I am currently using preg_match_all()
to find all words that begin with a specific of preffix. For example, if the preffix is cat
, then catsup
would be considered a match whereas housecat
would not.
Once these instances and their offsets are found, I am cycling through them and essentially encapsulating them with an anchor tag.

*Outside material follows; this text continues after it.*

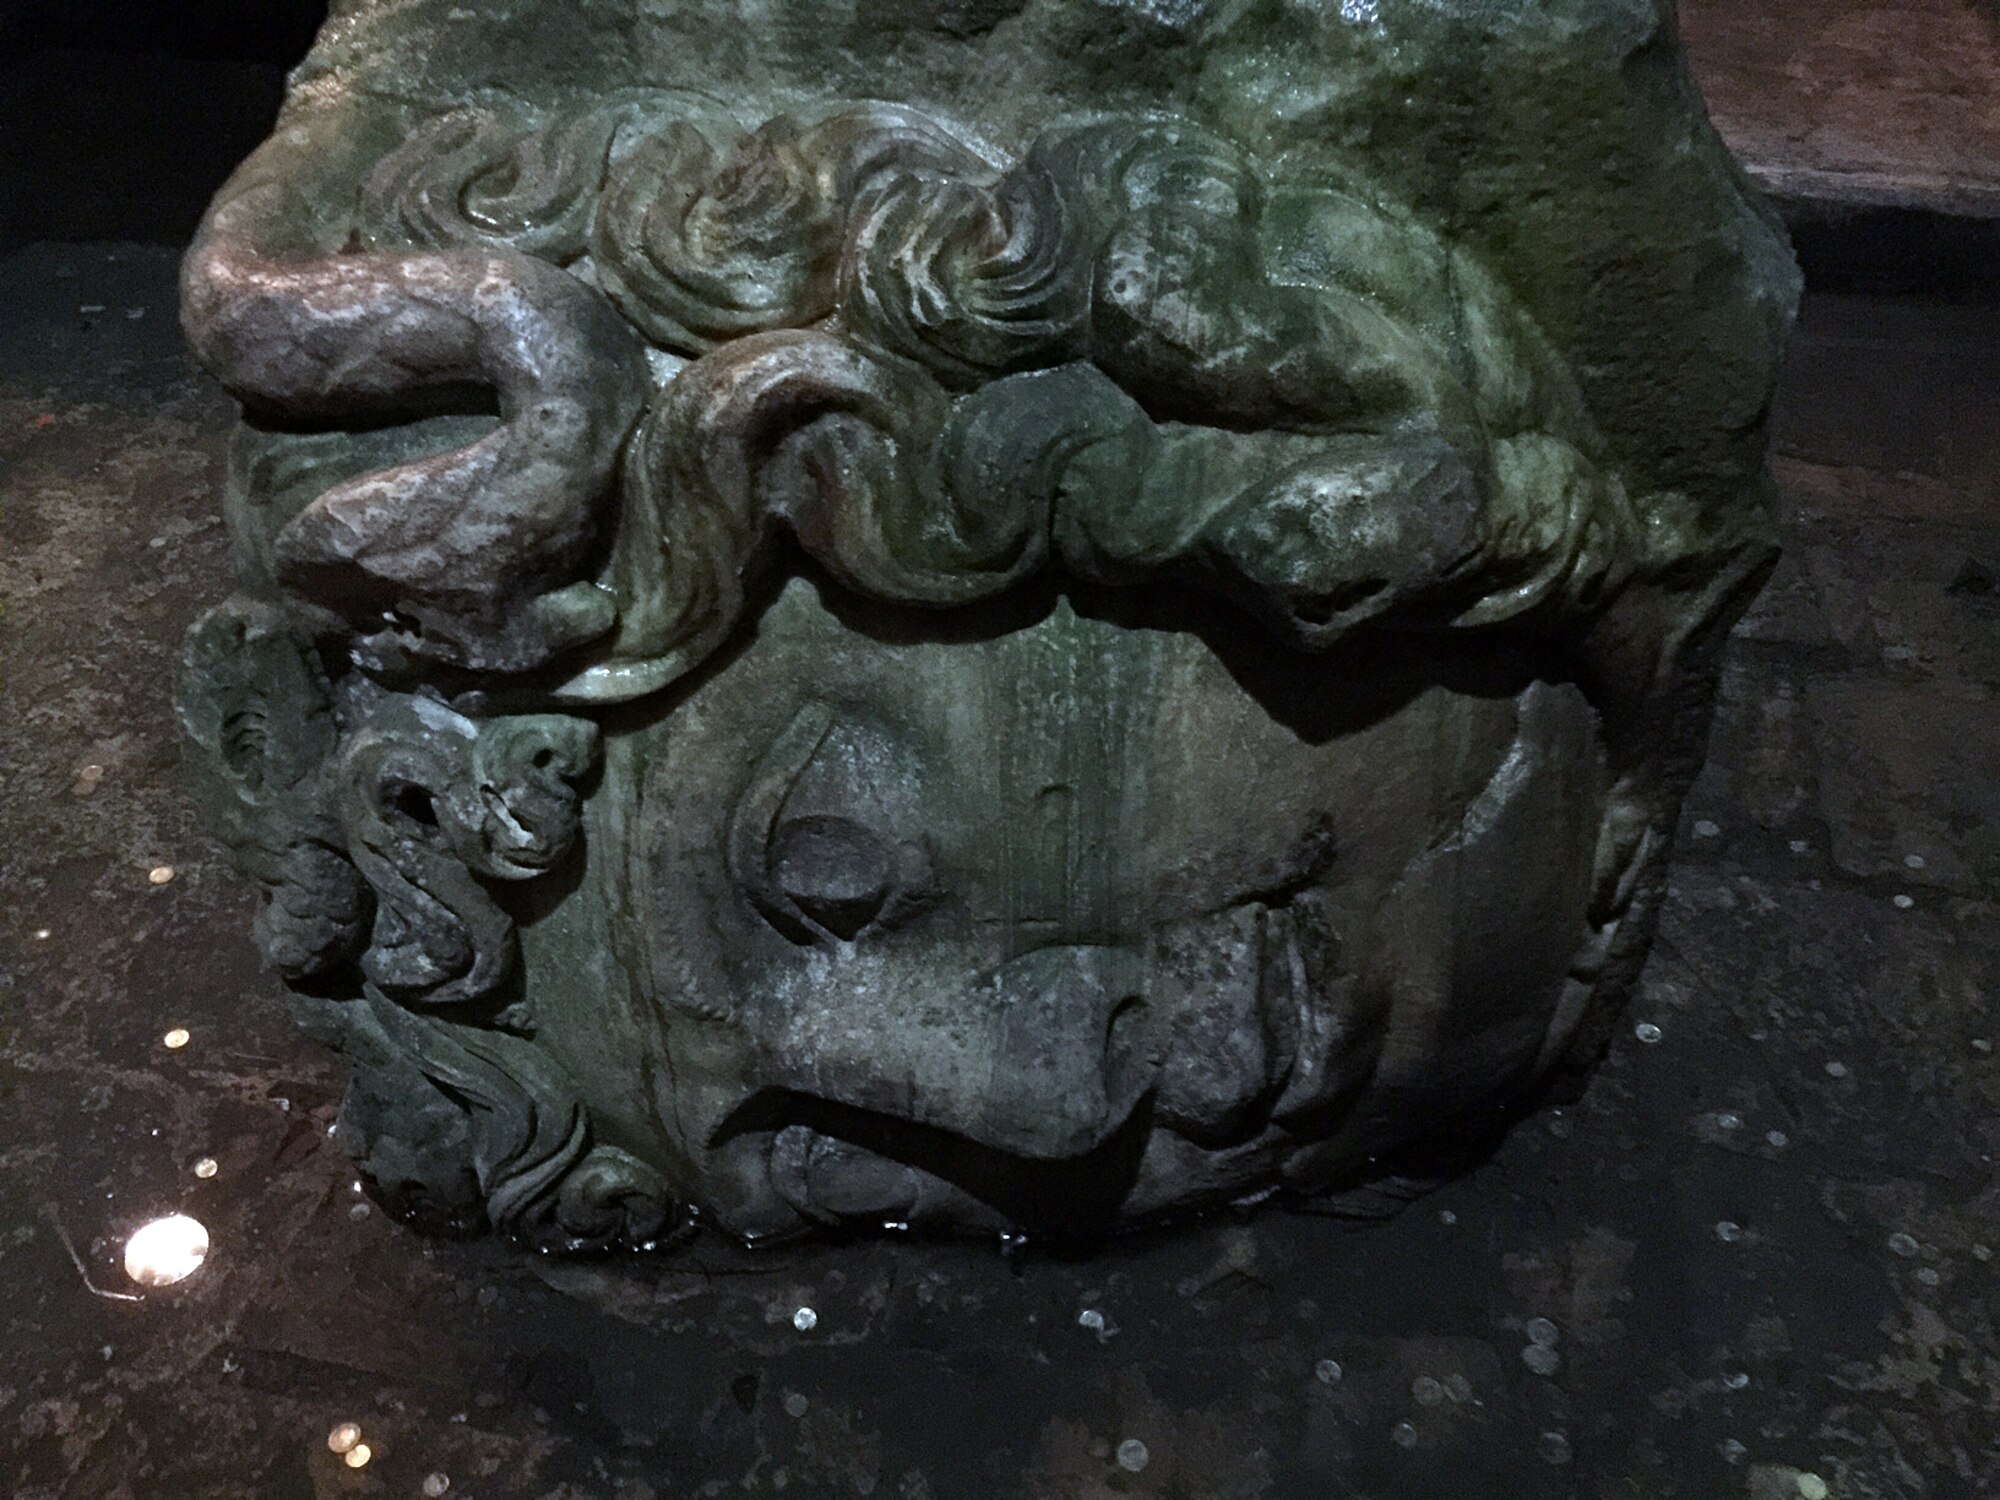 The Basilica Cistern, the largest cistern buried under the city of Istanbul, also hides two oversized emerald green Medusa heads. Of unknown origins, the heads are one of the most visited sites in Istanbul. (U.S. Air Force photo by Senior Airman Michael Battles/Released)

(Question Continued Below Code)
//Escape all non-standard characters
$preffix = sanitizePreffix($part['modlnoPreffix']);
//All Words Starting with preffix string
$pattern = "/".$preffix.'/';
//Find Matches
preg_match_all($pattern , $item['body'], $matches,PREG_OFFSET_CAPTURE);
$matches = array_reverse($matches[0]);
if (count($matches)>0){
foreach ($matches as $match){
$text = $match[0];
$offset = (int)$match[1];
$endOffset = $offset + strlen($text);
$url = "/specsheet_getPreffixParts.php?m=".urlencode($text);
//Insert ending </a> Tag
$item['body'] = str_insert('</a>', $item['body'], $endOffset);
//Insert Starting <a ...> Tag
$item['body'] = str_insert("<a rel='".$url."' href='javascript:void(0);'>", $item['body'], $offset);
}
}
The one catch is that I need to check each resulting index to make sure that
- The result is not already linked like
<a href='...'>catsup</a>
- The result is not within the starting
<a>
tag itself like<a href='/part/catsup'> ... </a>
I'm sure I could easily create a function that would step backwards one character at a time searching for <a
and then step forward one character at a time looking for </a>
, but this seems a bit silly to me.
My question is: Is there a better way to do this? My initial instinct is to make this part of the initial search pattern used by preg_match_all
- in other words ....
How would I find all words that start with 'cat' but are not located between a '<a' and a '</a>'